[TASK DIRECTIONS]: An exact, complete printout of the listing is wanted, minus its images.

[DATA EXTRACT]:
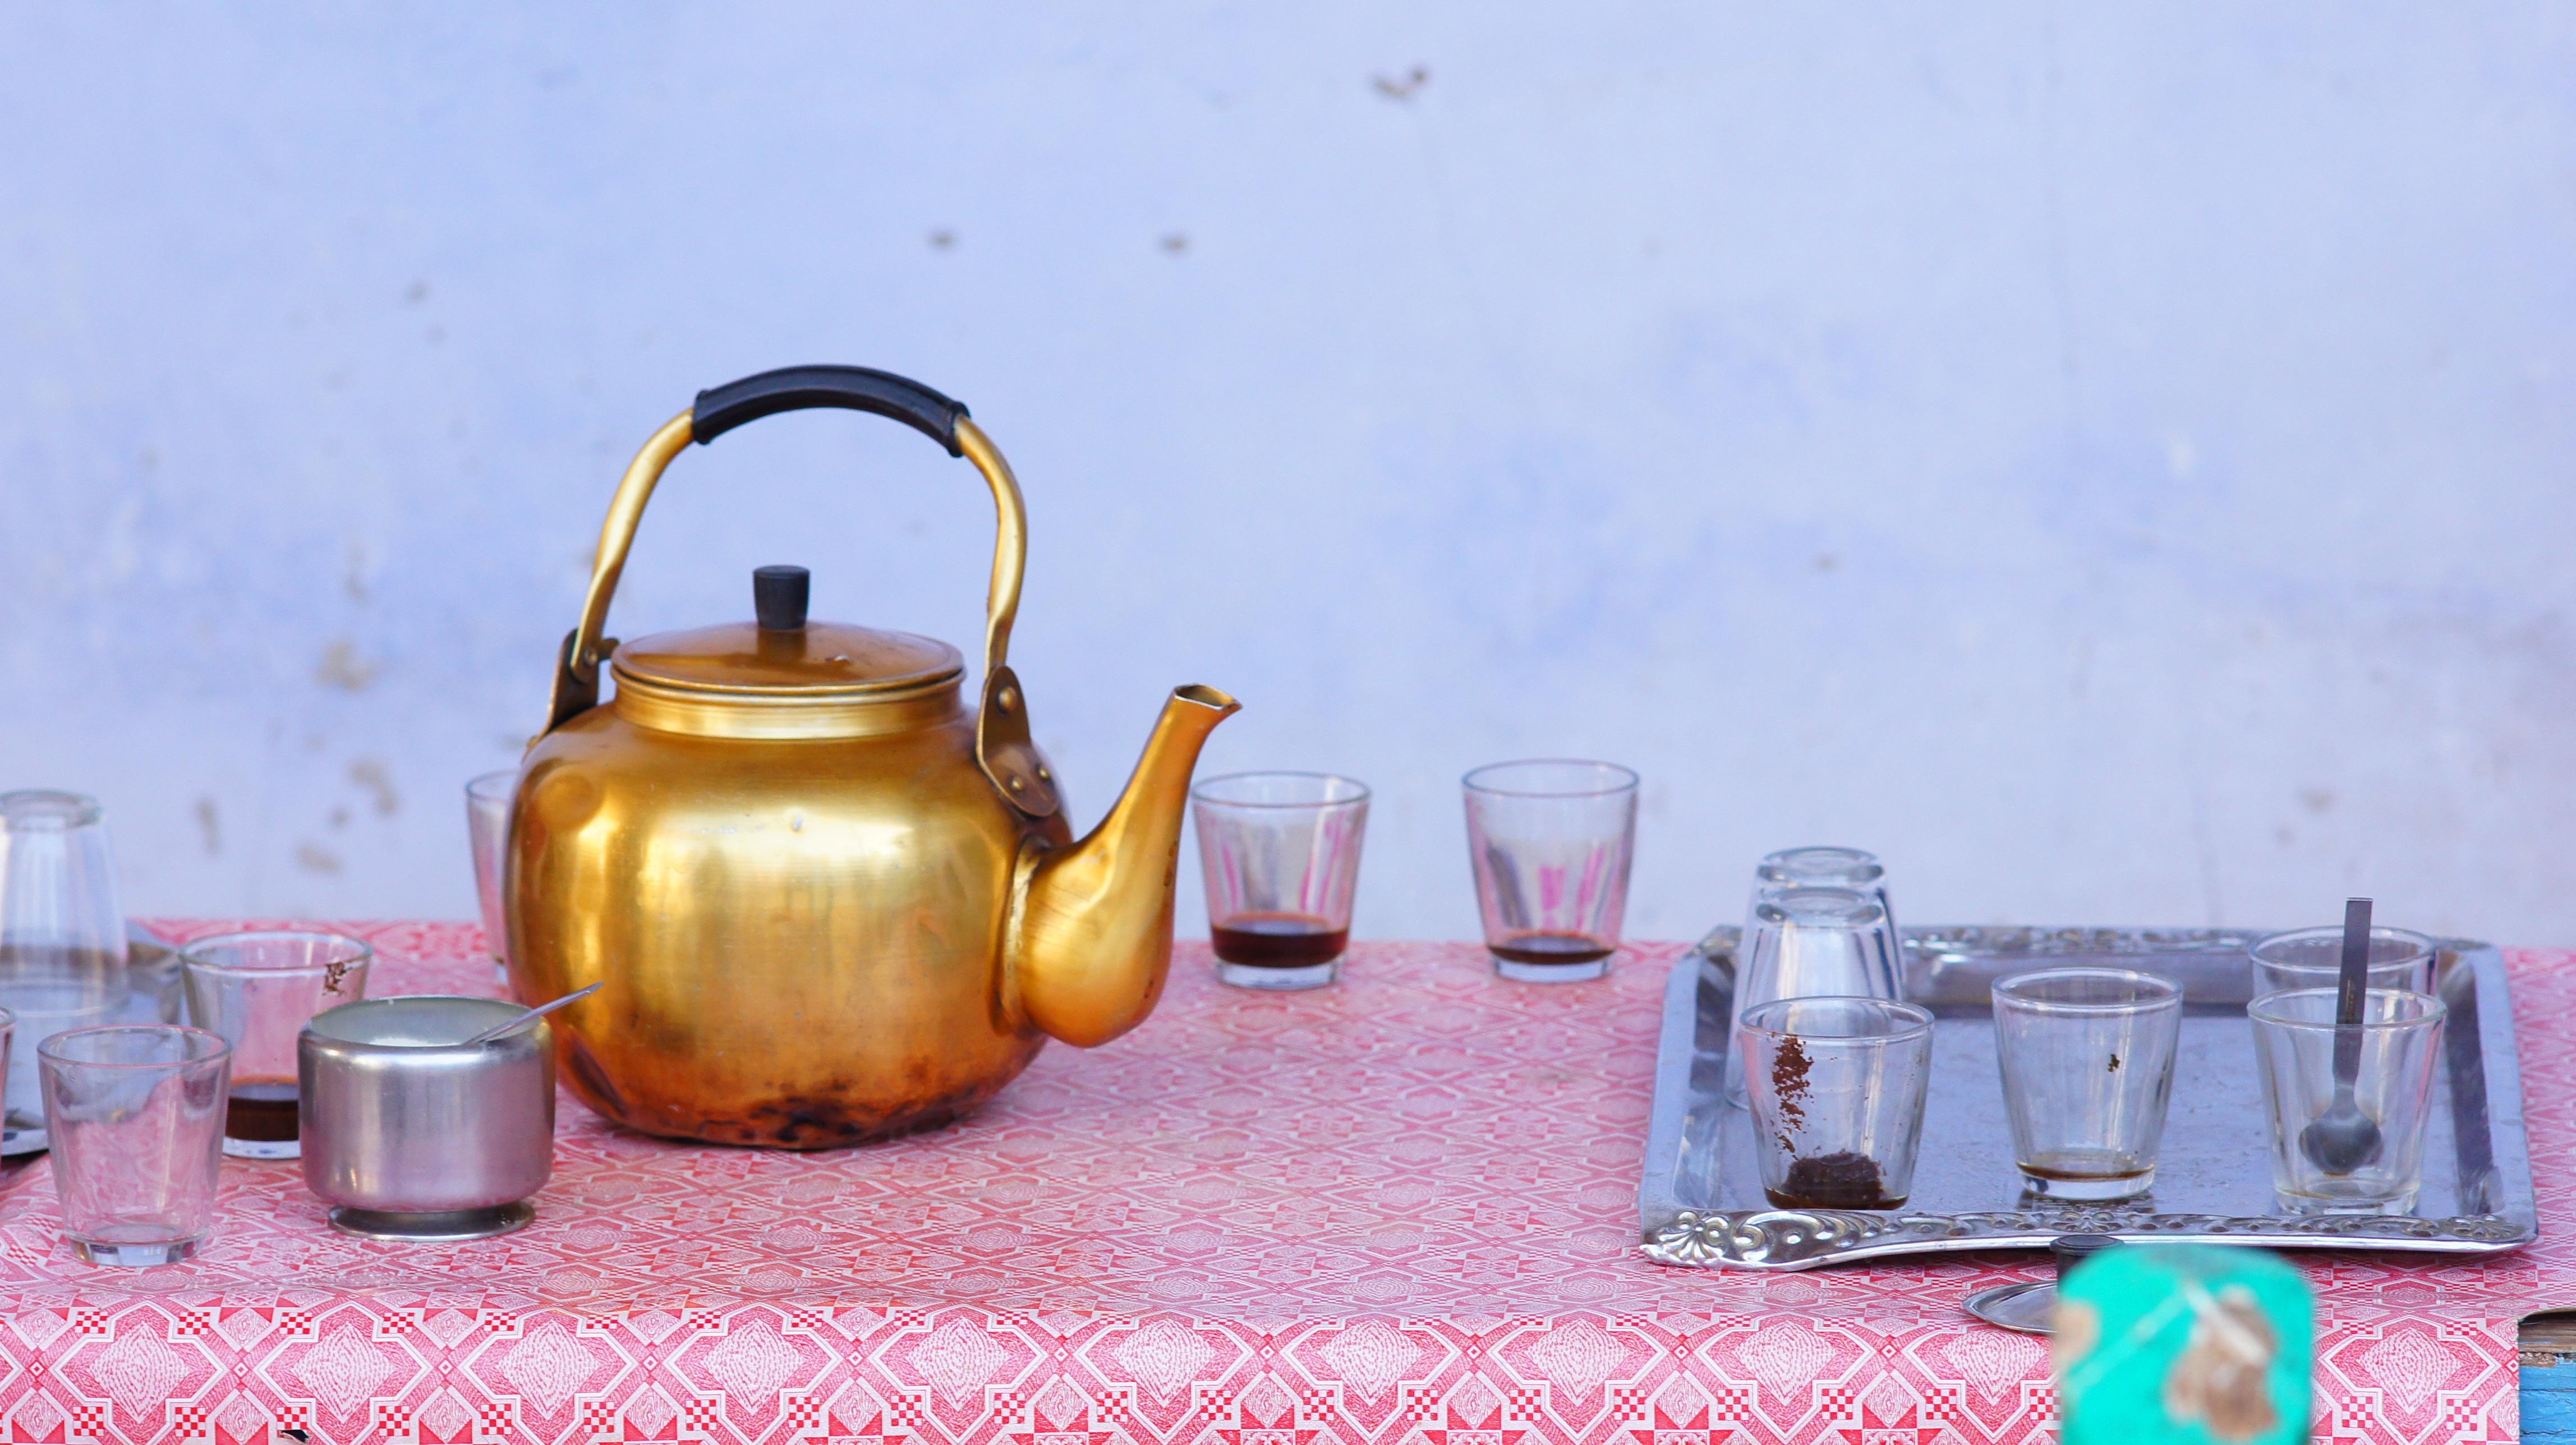 всегда картинки египетское чаепитие будет проделано все
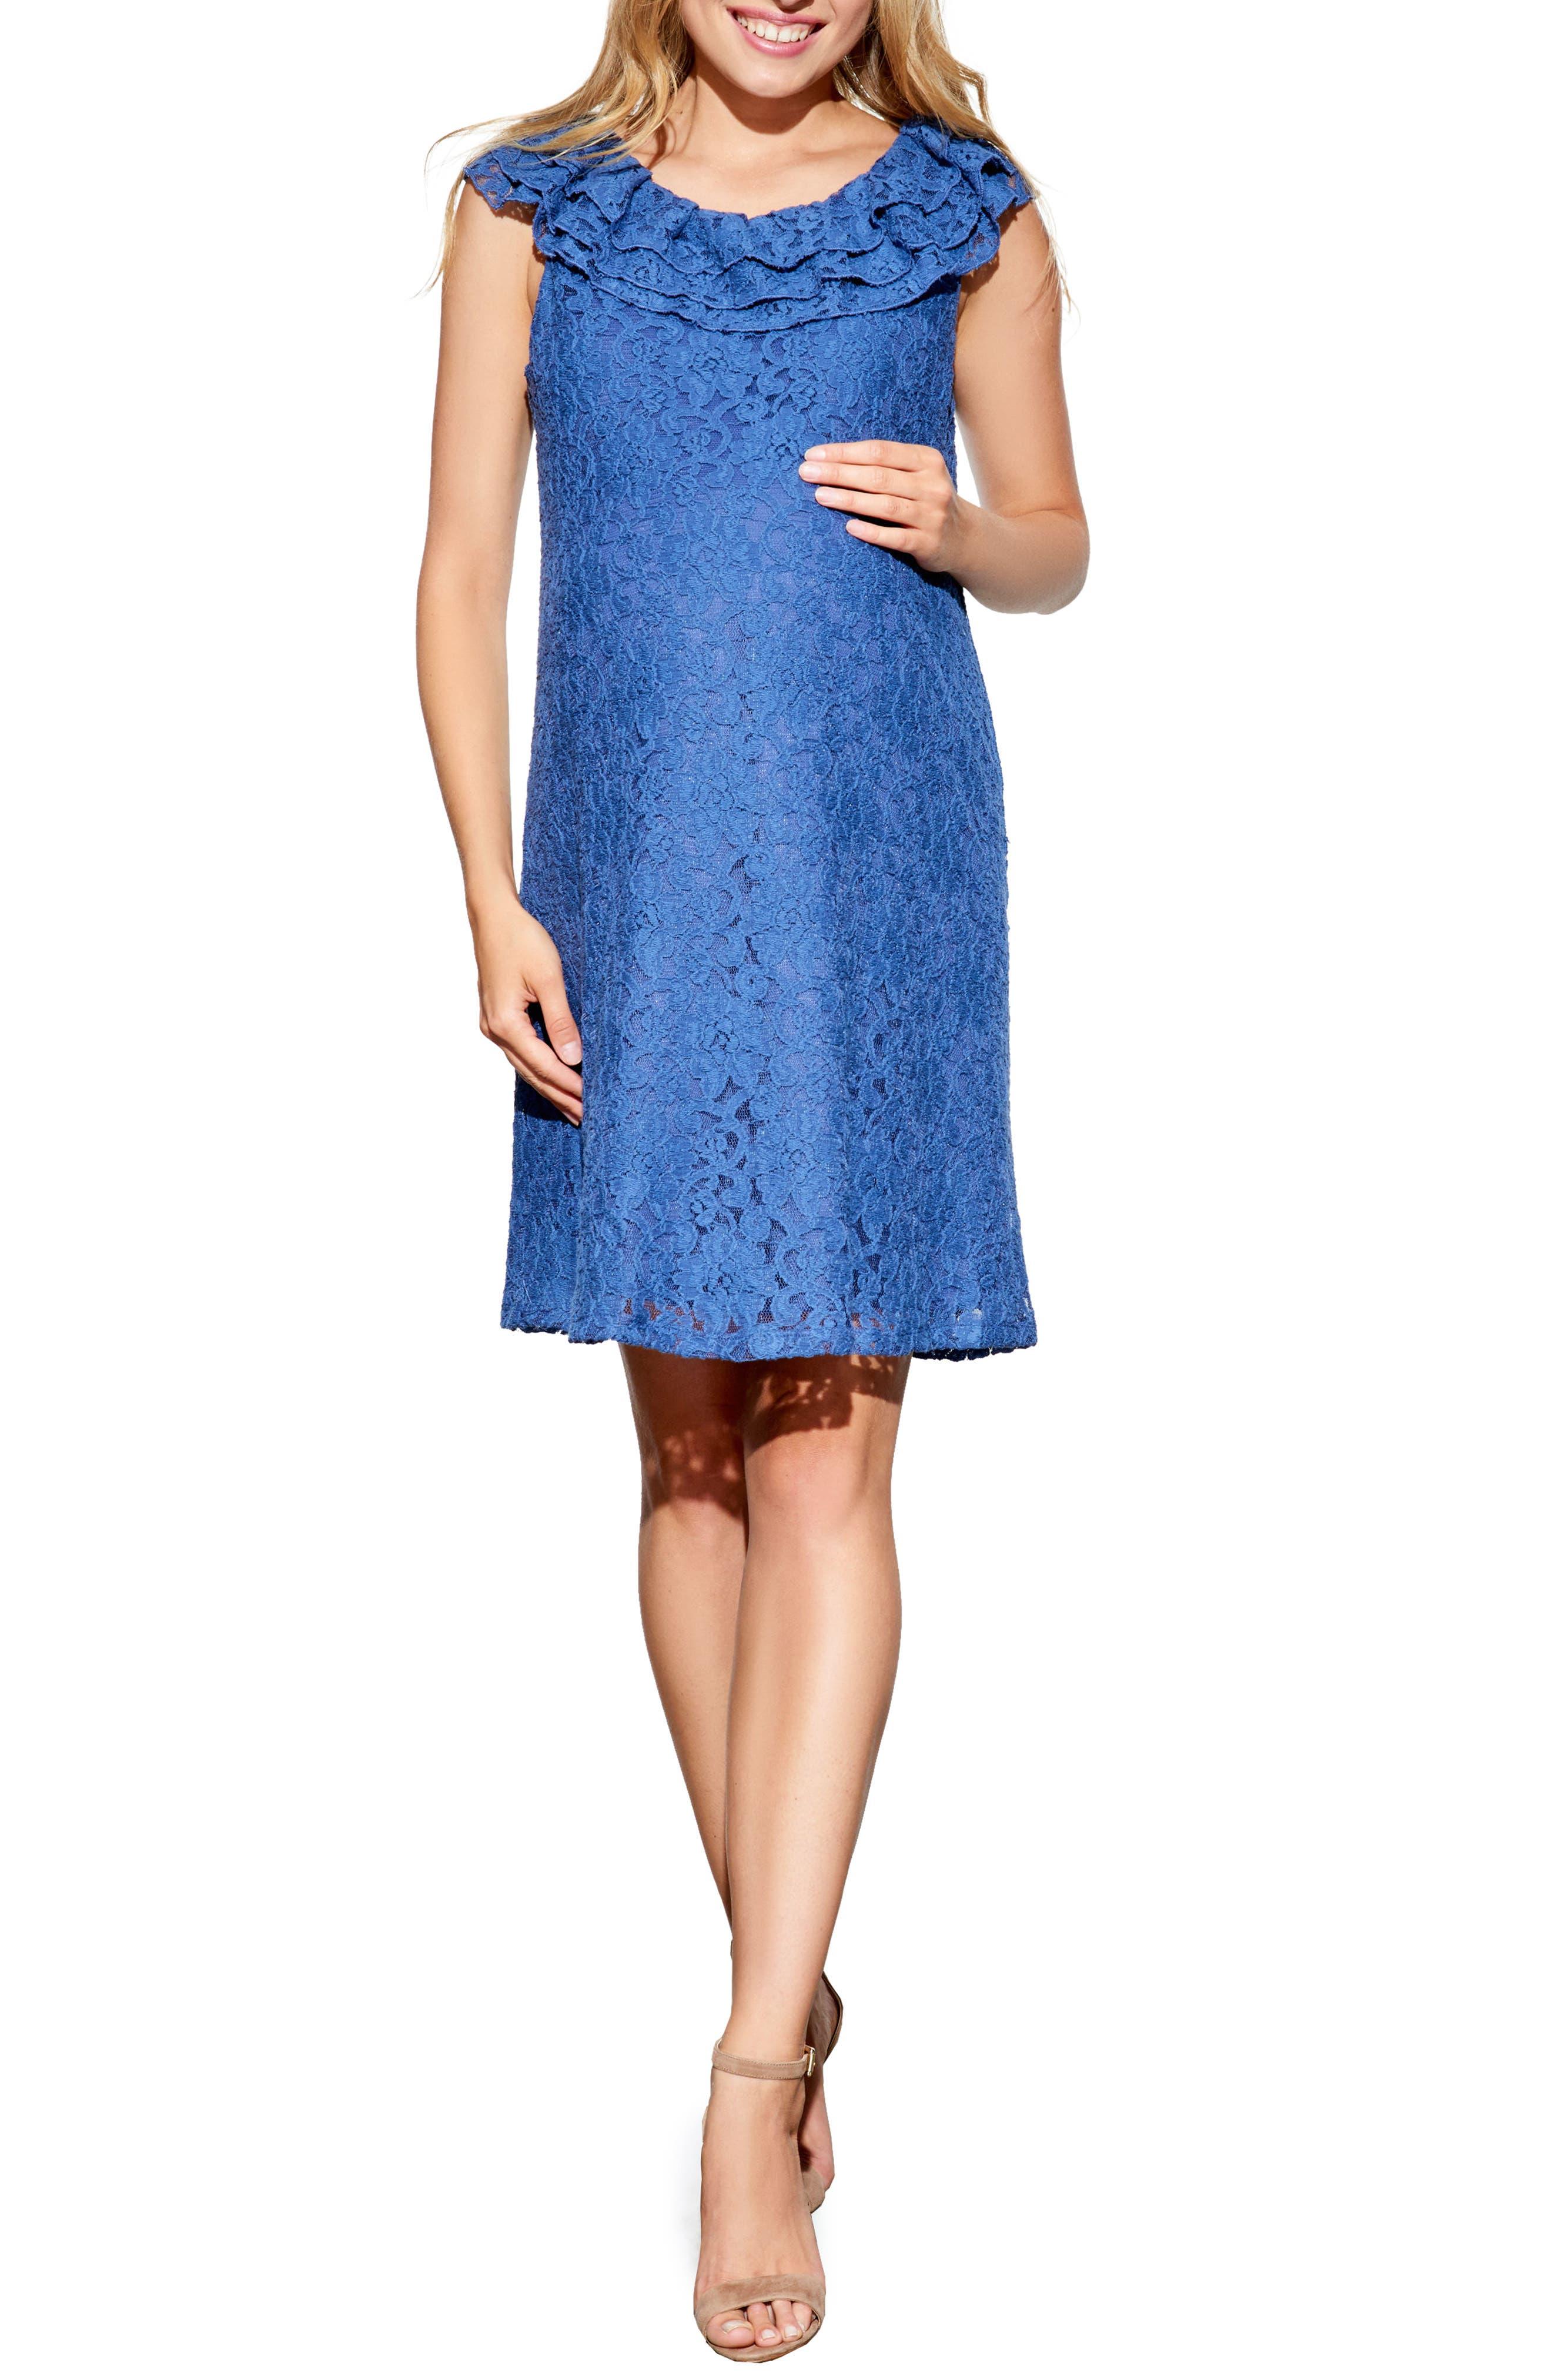 Ruffled Maternity Dress,                             Main thumbnail 1, color,                             BLUE
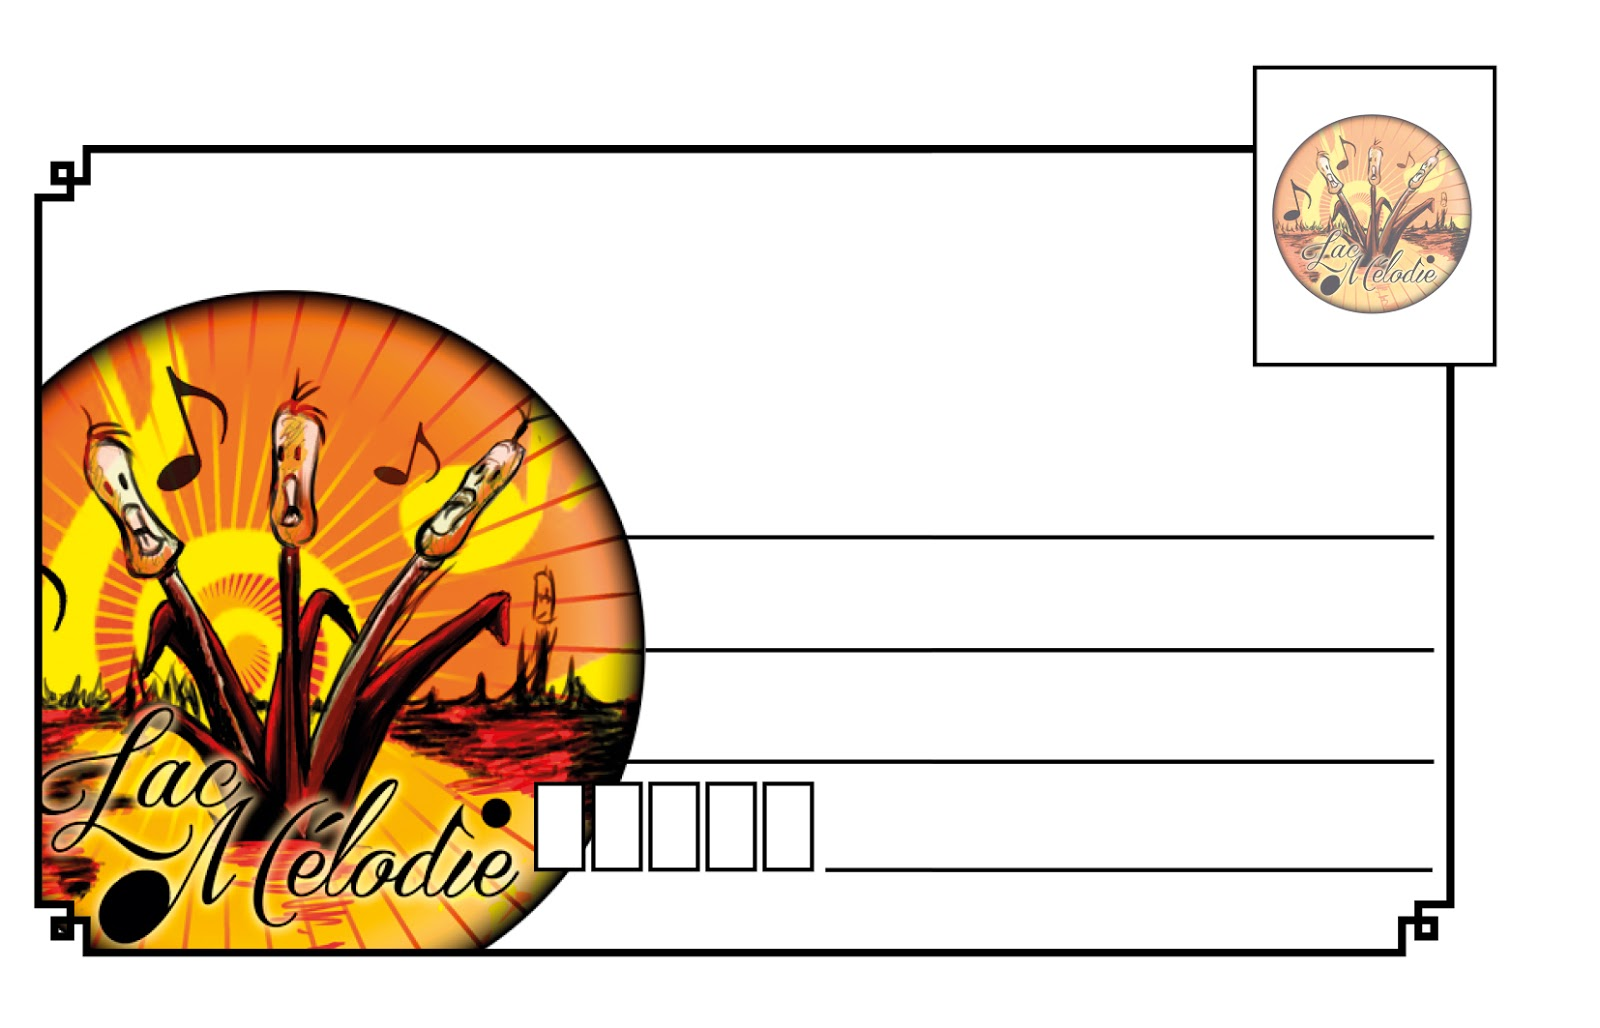 Proposition De Badge Carte Visite Pour Une Chorale Lac Melodie

[RESULT BELOW]:
 всегда картинки египетское чаепитие будет проделано все
 Ruffled Maternity Dress,                             Main thumbnail 1, color,                             BLUE
 Proposition De Badge Carte Visite Pour Une Chorale Lac Melodie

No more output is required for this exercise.